Another limitation of this study is the retrospective design, with patient inclusion being based on available histopathology and resulting inability to report Free-Response Receiver Operating Characteristic (FROC). In cases with multiple pulmonary metastases, only one pulmonary nodule was biopsied or surgically resected for histopathological confirmation, while additional nodules were not systematically evaluated. As a result, the true dignity of these (non-sampled) pulmonary nodules remains unknown. Assuming all non-sampled nodules to be benign (as would be required to calculate FROC curves) could introduce substantial bias. Therefore, the sensitivity and specificity were calculated based on nodules with confirmed histology, which may, in turn, limit the comprehensive performance assessment of the models. Future studies with systematic histological assessment or follow-up of all detected nodules are needed to address this limitation.

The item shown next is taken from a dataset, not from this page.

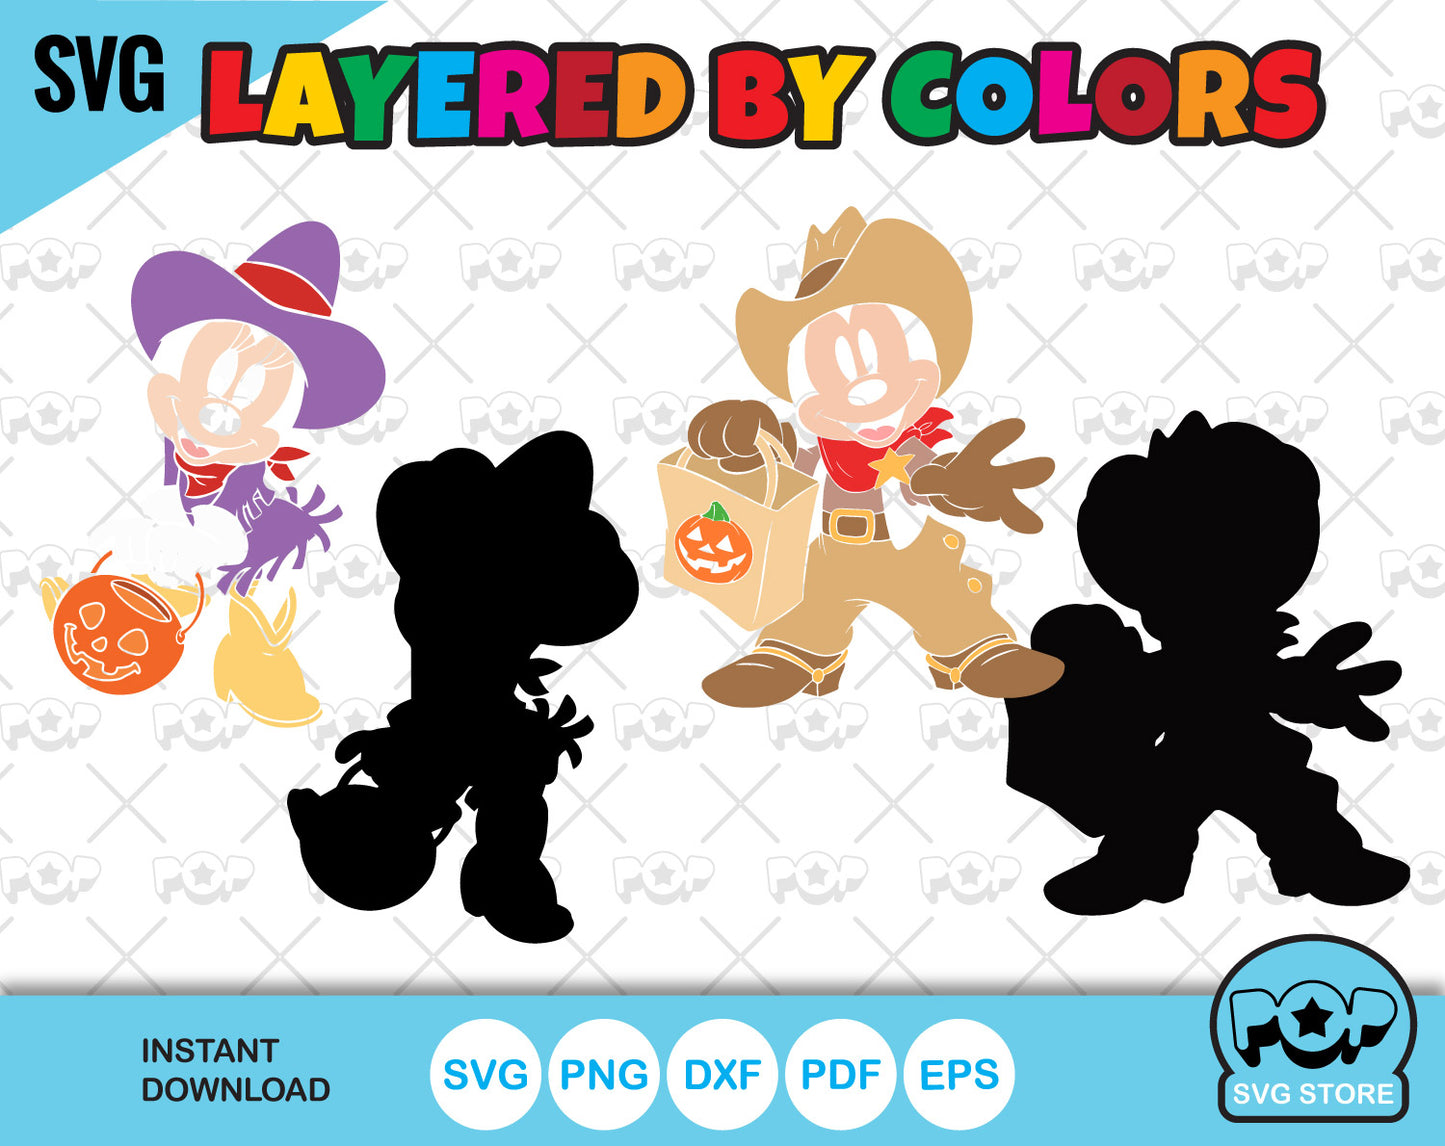 Disney Halloween 100 cliparts bundle, SVG cut files for Cricut / Silhouette,  Disney Halloween SVG, instant download

One further limitation is that the software models were trained on incidental pulmonary nodules rather than being explicitly developed for high-risk populations such as the study sample. As a result, their performance may not optimally transfer to this specific patient group, potentially contributing to the observed results.

It is important to note that the sample size in this study was relatively small for the image classification task, which may have limited the models’ performance and generalizability. In addition, the sample size in the subgroups was limited, which may have further restricted the generalizability of the findings, as imbalanced distributions could have introduced bias, complicating the interpretation of the results. These limitations emphasize the need for larger datasets and more balanced subgroup distributions in future multicenter studies to enable more robust model training and support more reliable conclusions.

Additionally, in clinical practice, the characterization of pulmonary nodules is based on the evaluation of multiple variables such as patient history and other risk factors, especially for nodules with an intermediate malignancy risk. Clinical predictors are necessary to assess the risk of these nodules using the analyzed AI models. However, in this study, the software models assessed the pulmonary nodules without contextual information, relying solely on imaging-based classification. This may be considered another limitation, as it does not fully reflect real-world clinical decision-making. Future studies may assess the impact of multimodal models incorporating clinical predictors as additional variables during analysis.